The IFFU function described below works on one switch. Cluster-wide firmware updating is done by use of a script which initiates the update procedure in multiple switches in parallel by initiating an instance of the flint command for each switch. In large clusters the script can be executed on multiple hosts, each handling a different part of the cluster.

Cable Burn Command

Copy
Copied!
            

# flint -d <device> --linkx <flags> <commands>

where:

Flags:

<device>

The name of the target switch (one only).

--downstream_device_id_start_index <downstream_device_id_start_index>

The port number of the first LinkX cable/transceiver. (min. port number = 1)

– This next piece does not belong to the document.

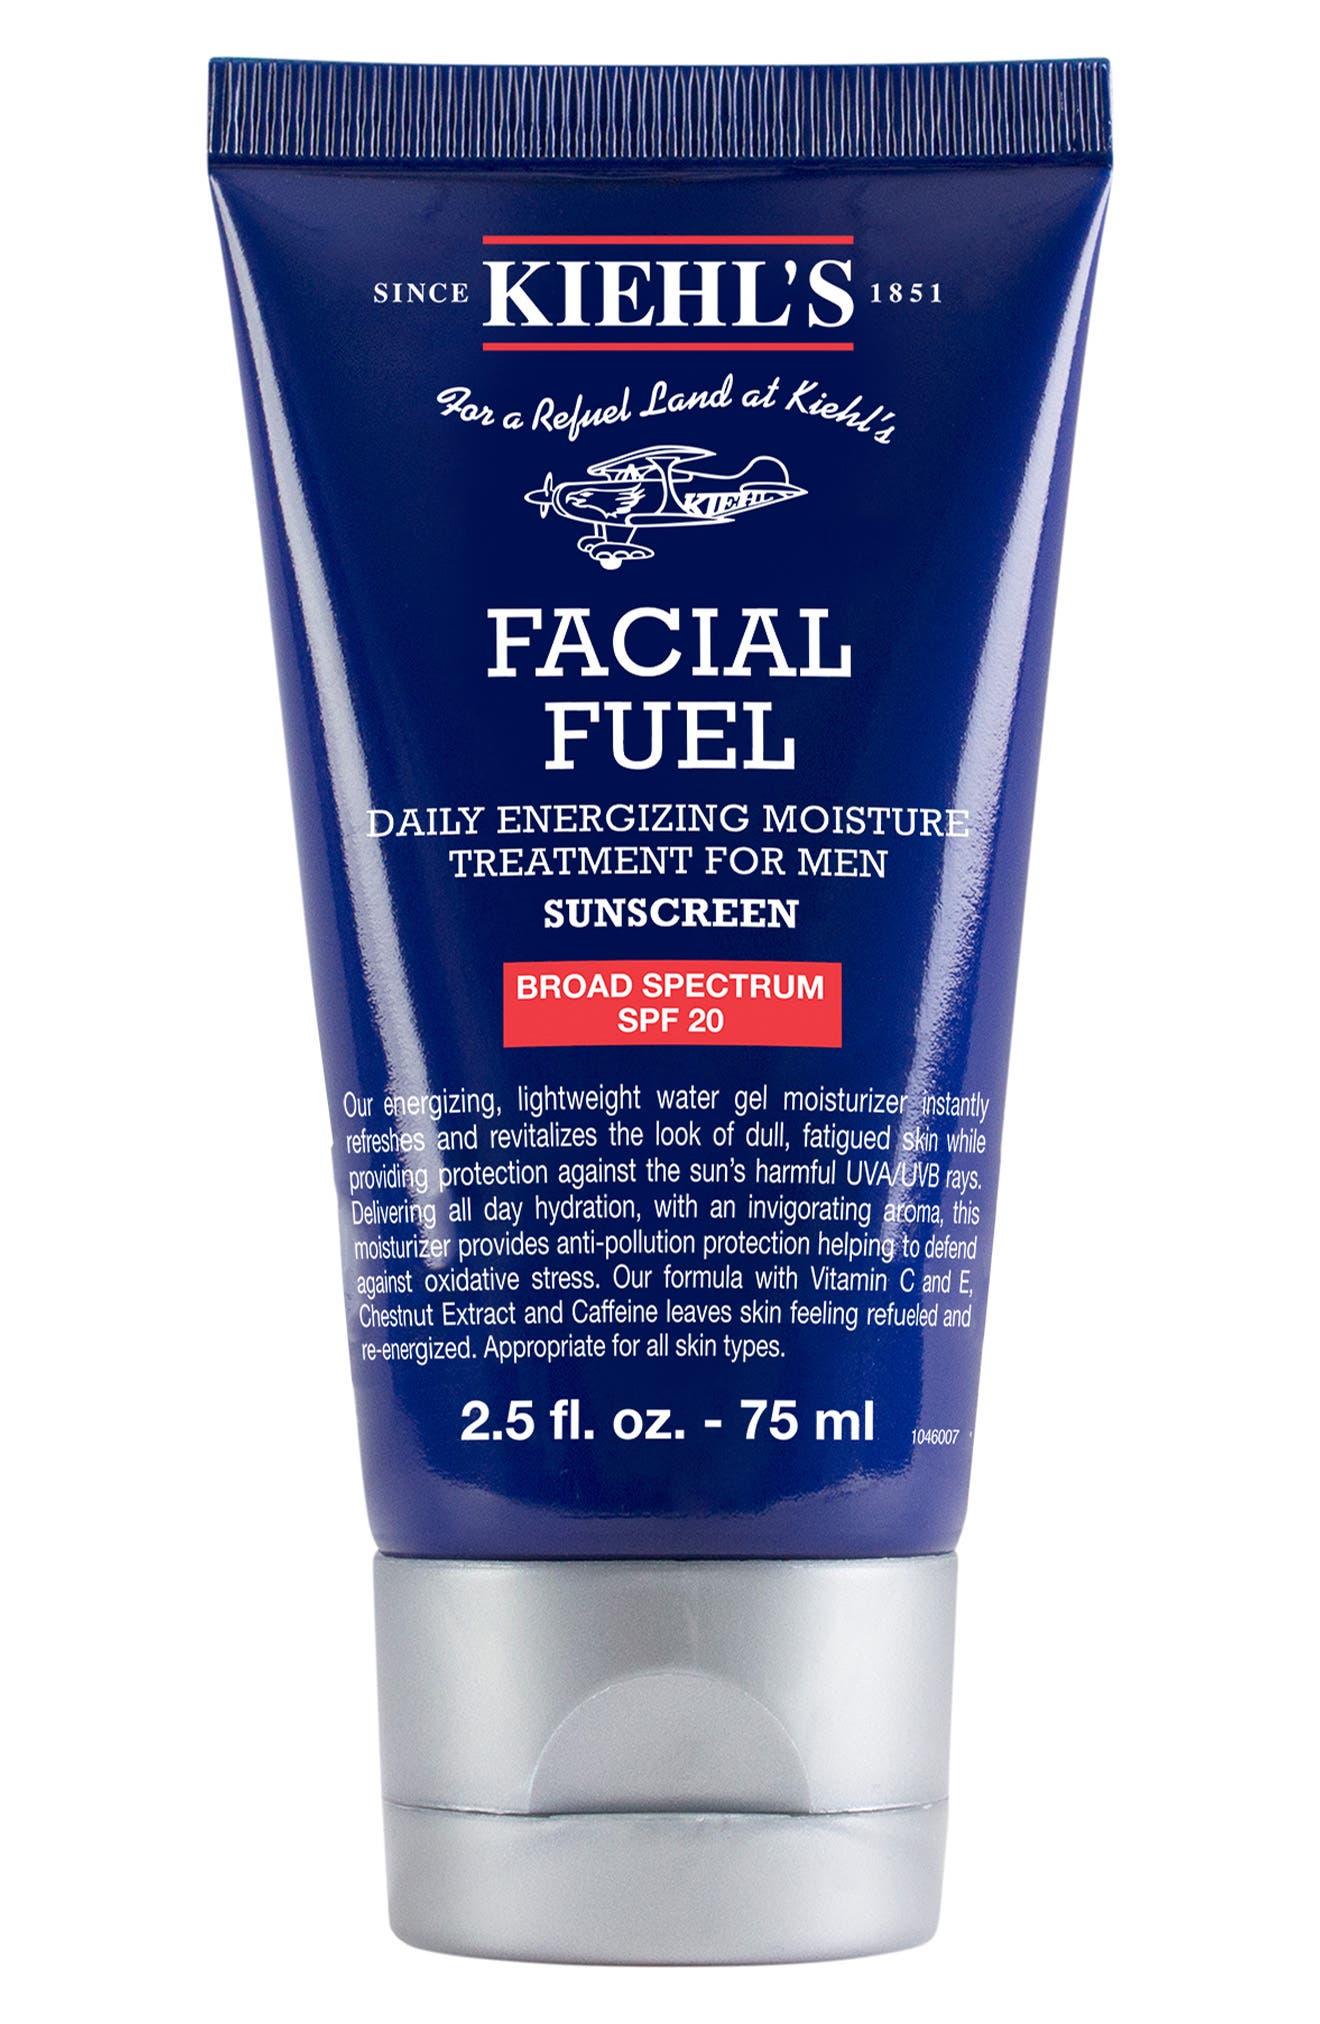 Facial Fuel Daily Energizing Moisture Treatment for Men SPF 20, Main, color, NO COLOR

--num_of_downstream_devices <num_of_downstream_devices>

the number of cables/transceivers to burn. They are burnt sequentially.

--linkx_auto_update

Use this flag to burn all supported cables/transceivers connected to the switch.

--download_transfer

Use this flag to perform download and transfer of all cable data for cables.
Download and transfer are not performed by default. This flag is only relevant for cable components.

--activate

Use this flag to apply the activation of the new firmware in the updated devices.
Activation is not performed by default.

--activate_delay_sec <timeout in seconds>

Use this flag to activate all cable devices connected to host with delay, acceptable values are between 0 and 255 (default - 1, immediately). Important: 'activate' flag must be set. This flag is relevant only for cable components.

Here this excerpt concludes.